--- Collected material ---

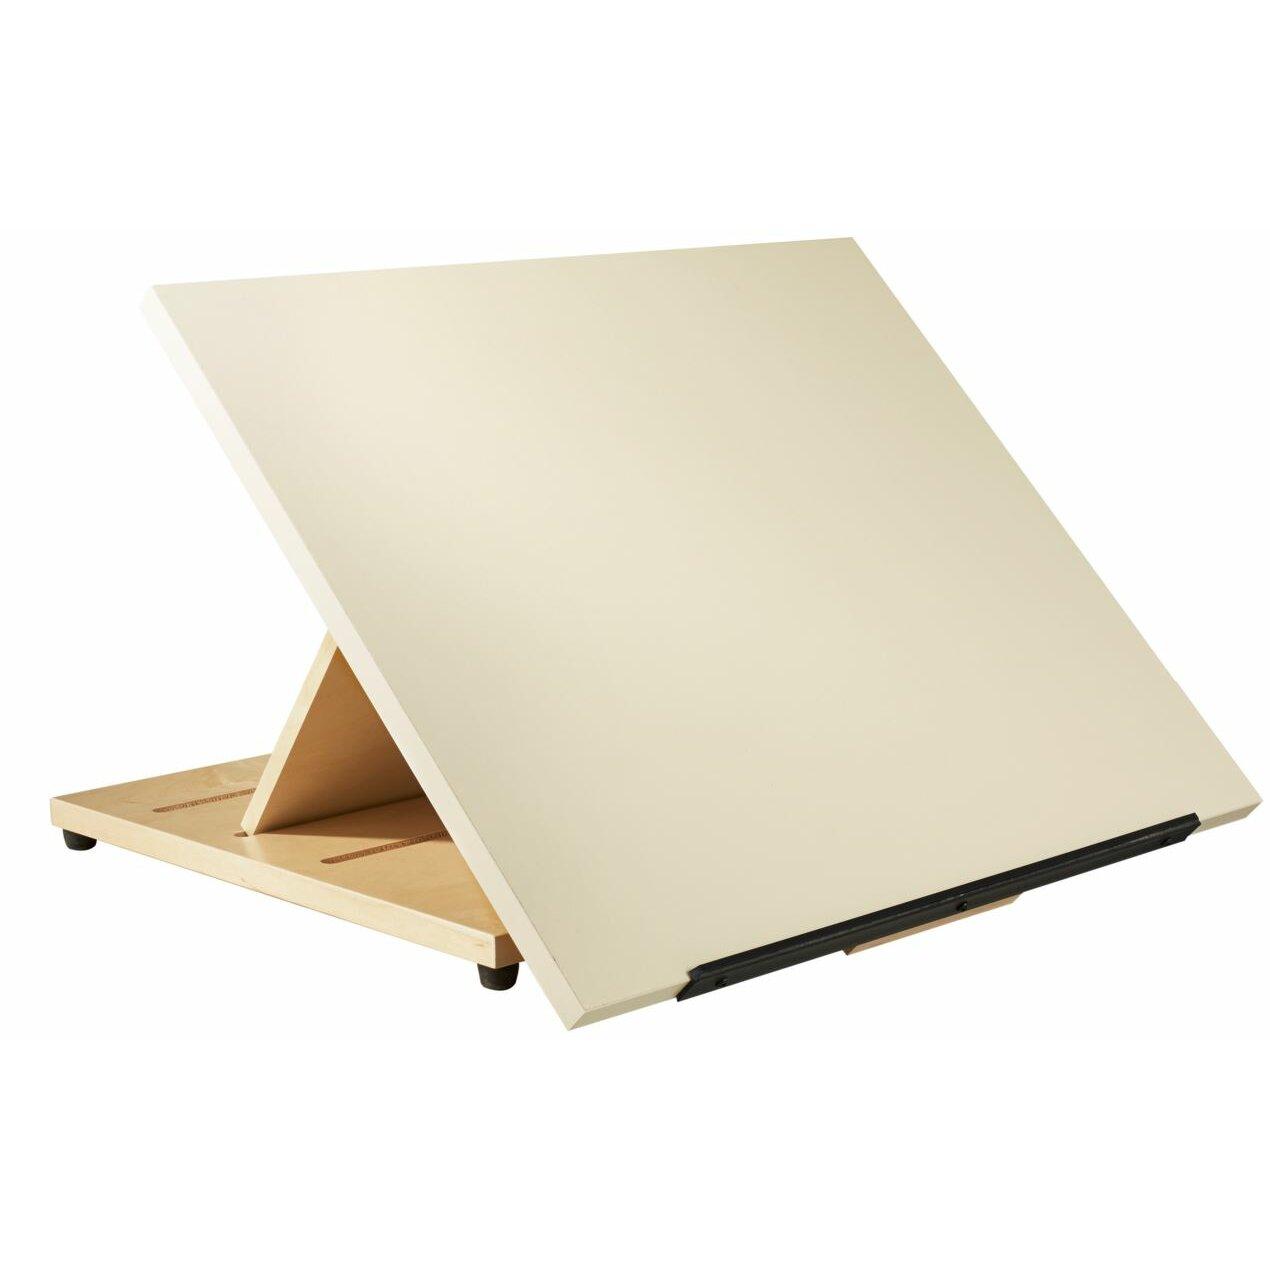 Shain Laminate Drafting Table Wayfair : Shain Portable Drafting Table 24w x 20d x 3h Almond PDT2420 from www.wayfair.com size 1270 x 1270 jpeg 39kB
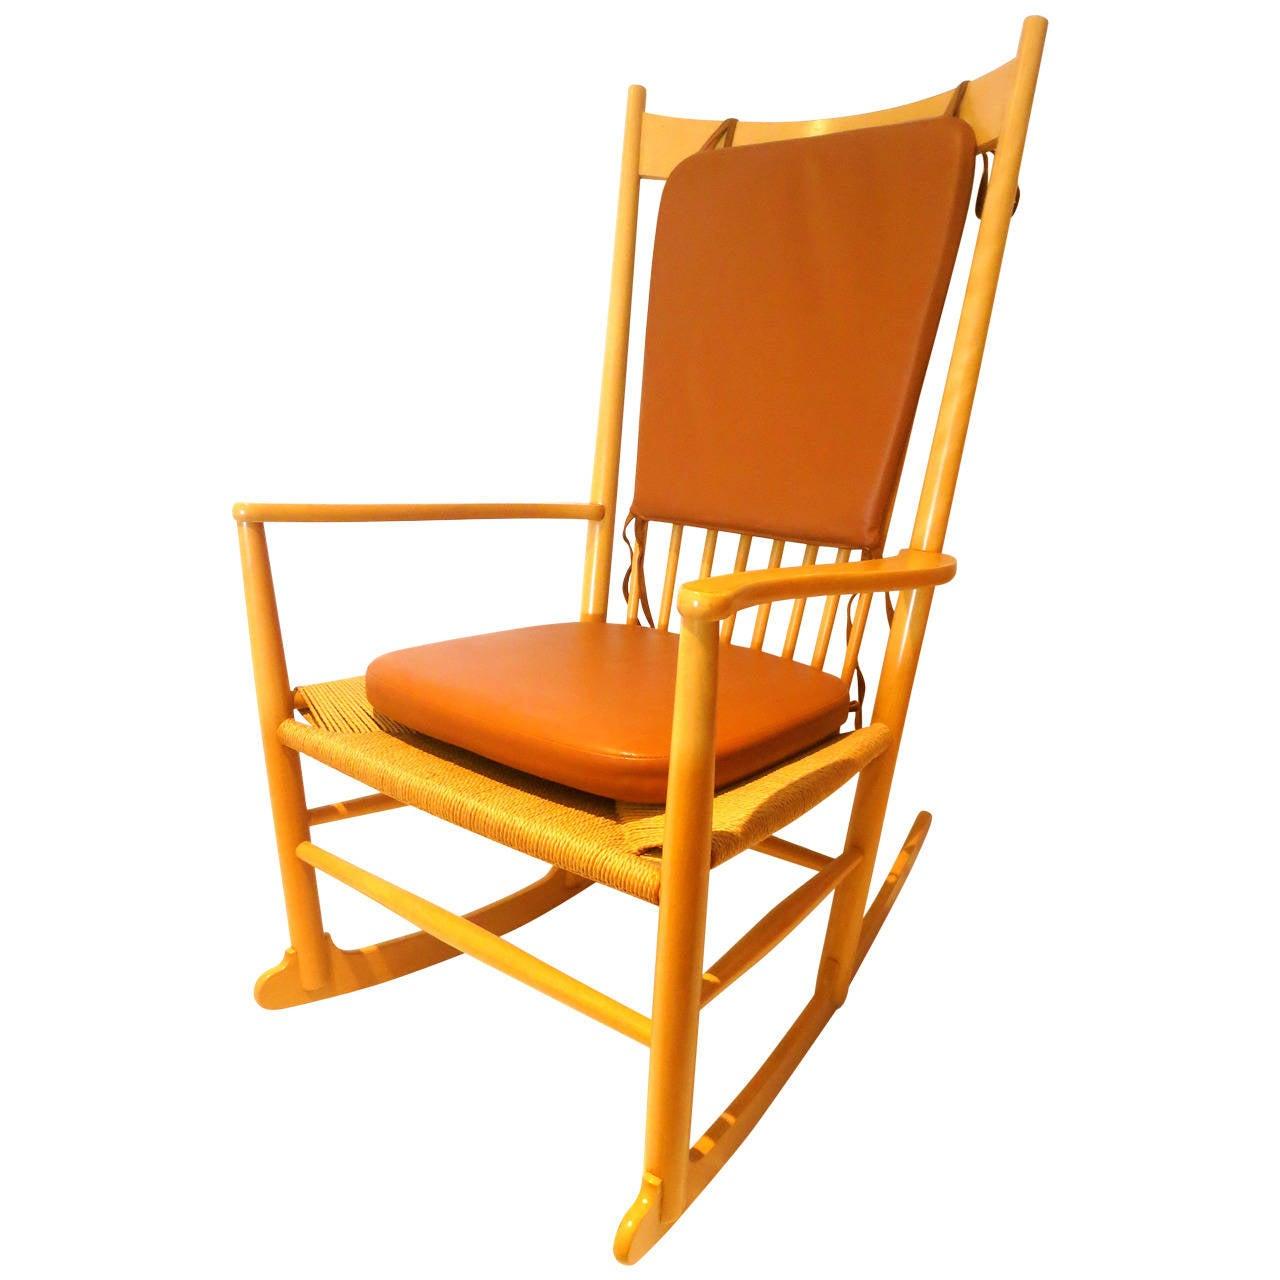 danish modern hans wegner rope seat and leather pads j16 rocker chair at 1stdibs. Black Bedroom Furniture Sets. Home Design Ideas
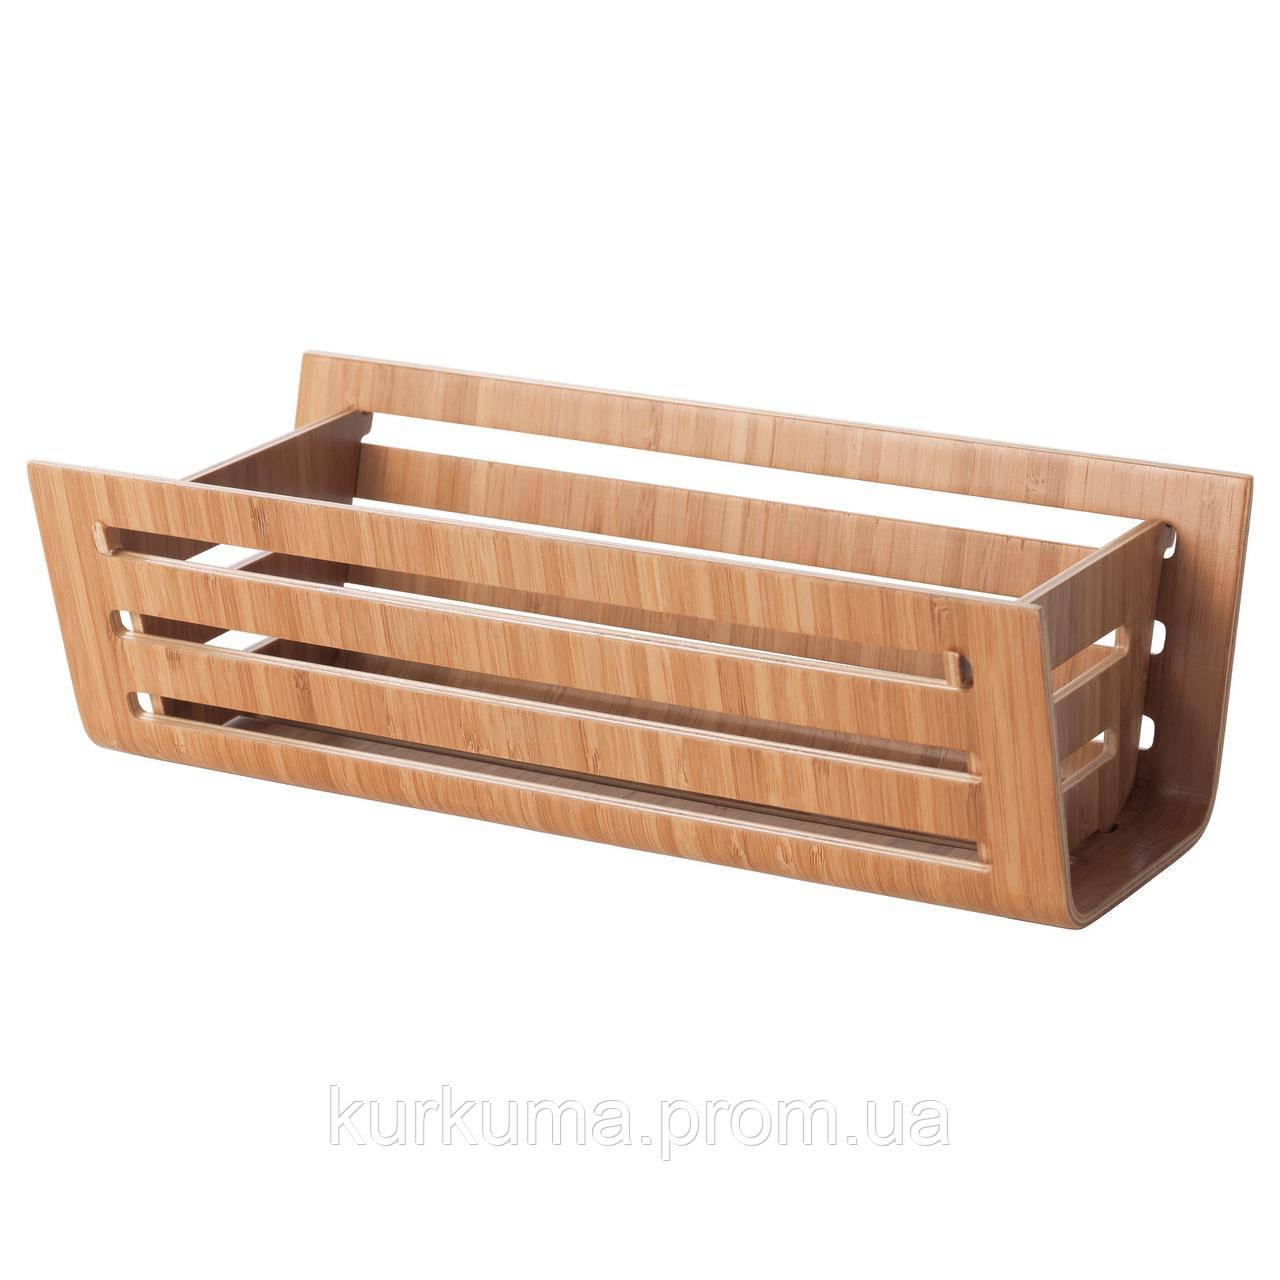 IKEA RIMFORSA Корзина, бамбук  (402.820.69)
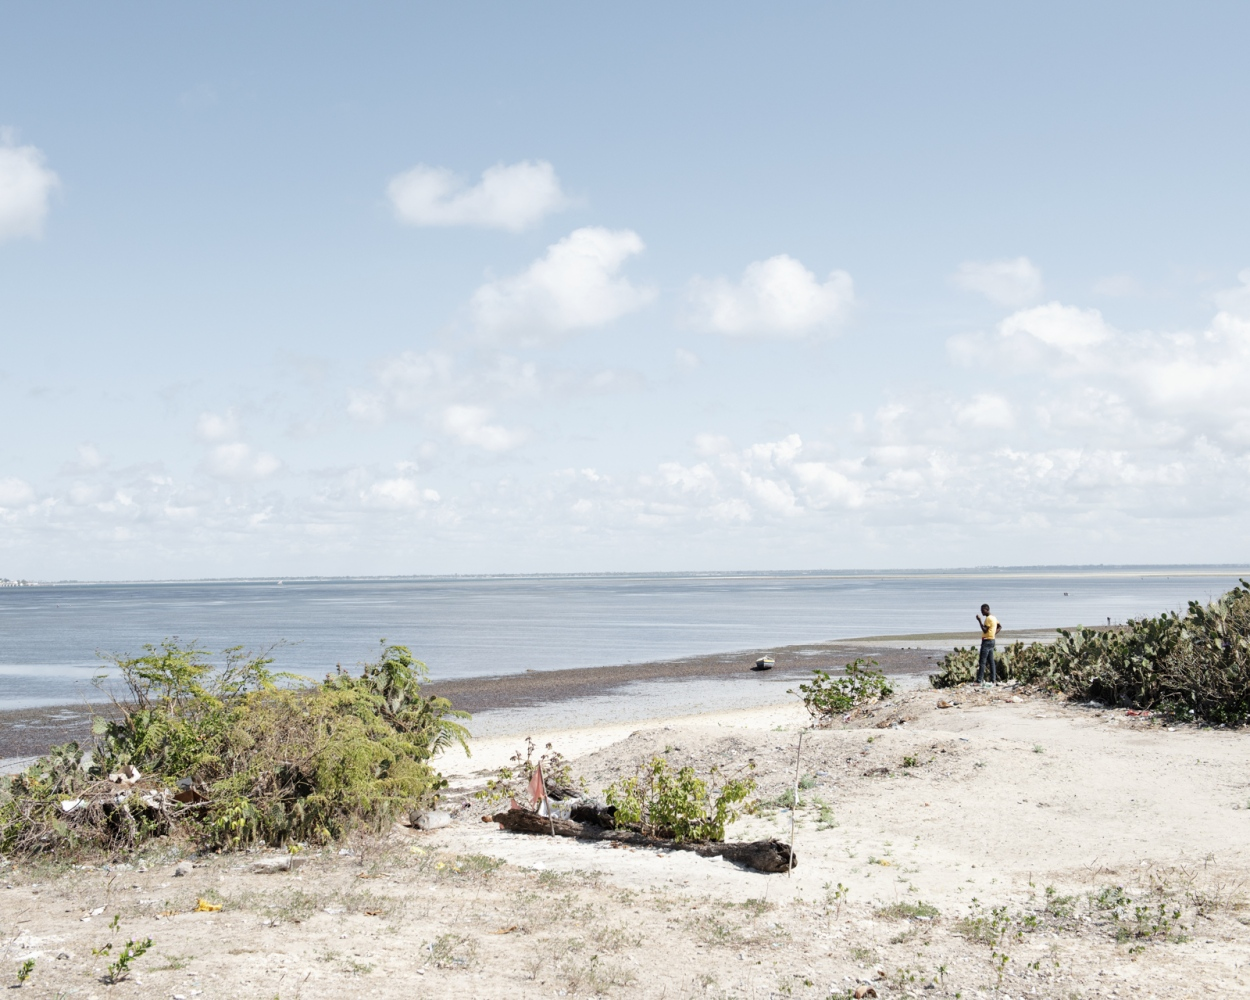 A view of the coast near Ilha de Mozambique.

--- Task brief ---
Please print the data above once more, exactly and without images.

--- Result for this task ---
 Shain Laminate Drafting Table Wayfair : Shain Portable Drafting Table 24w x 20d x 3h Almond PDT2420 from www.wayfair.com size 1270 x 1270 jpeg 39kB
 danish modern hans wegner rope seat and leather pads j16 rocker chair at 1stdibs. Black Bedroom Furniture Sets. Home Design Ideas
 IKEA RIMFORSA Корзина, бамбук  (402.820.69)
 A view of the coast near Ilha de Mozambique.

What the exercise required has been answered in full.